Nous sommes tous les jours confrontés aux médias. Notre représentation du monde est en
partie construite à travers les représentations médiatiques ( voir, par exemple, la
représentation qui a été faite des élections en Irak ). Il s’agira, dans ce cours, de porter un
regard critique sur ce phénomène, et non pas de faire de la sémiologie.
Chapitre 1 :
Définitions et caractéristiques générales de la
communication
La notion de communication est très floue, très générale. Il n’y a qu’à voir les multiples
utilisations qui sont faites de ce terme aujourd’hui. On parle de société de communication,
celle-ci étant fondé sur le principe de liberté ; on parle également de “révolution de la
communication“ ( à l’heure où la révolution en tant que phénomène politique semble
impensable ).
“Communication“ peut être considéré comme un mot-valise, ou comme un “colosse
terminologique aux pieds d’argile“ ( Bougnoux ). C’est un archétype de ce que l’on appelle
un polysème.
Sur le terrain de ces études, l’école de Palo Alto part du précepte suivant : on ne peut pas ne
pas communiquer. Vivre en société, c’est communiquer. D’où l’immensité du champ couvert
par la communication. Les terrains sont très variés, les vecteurs de la communication n’ont
aucun rapport les uns avec les autres.
“Communication“ vient du latin “communicare“ et “communio“, qui signifient à l’origine la
mise en commun, le partage ; il y a une logique de transmission.
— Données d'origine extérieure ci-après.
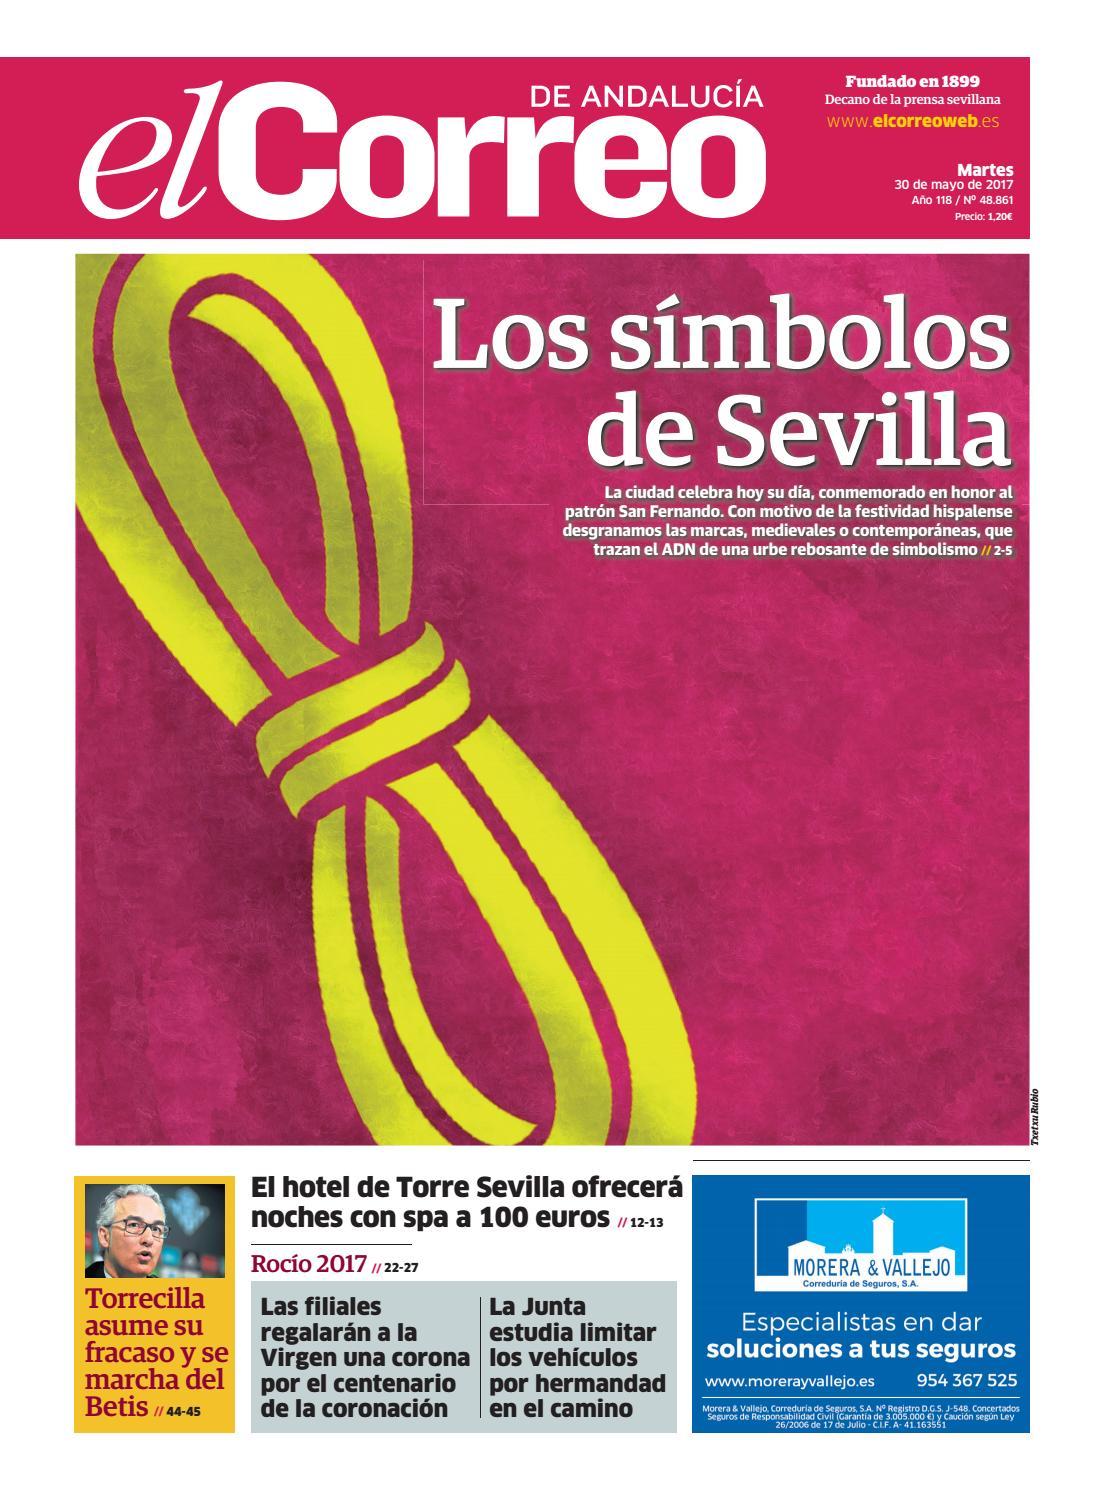 040c81b3aaf 30 05 2017 El Correo de Andalucía by EL CORREO DE ANDALUCÍA S.L. - issuu

À partir du XVIème siècle, on désigne sous la notion de communication les moyens par
lesquels les individus peuvent se rencontrer, par lesquels ils entrent en relation les uns avec
les autres, au sens d’un déplacement physique. Le premier usage correspond donc aux voies
de communication. Puis apparaît l’idée que l’on peut communiquer sans déplacement
physique ( notamment par le courrier, qui est une activité monopolistique régalienne depuis le
XIème siècle ). C’est à partir du XVIIIème siècle que la communication désigne les diverses
modalités de transmission et de réception des messages, des signes, le rapport entre un
émetteur et un récepteur avec, entre les deux, un vecteur ( le médium, qui donnera le mot
“média“ ).
-> Quand on parle de communication, on désigne à la fois des moyens de communication et le
processus de transmission.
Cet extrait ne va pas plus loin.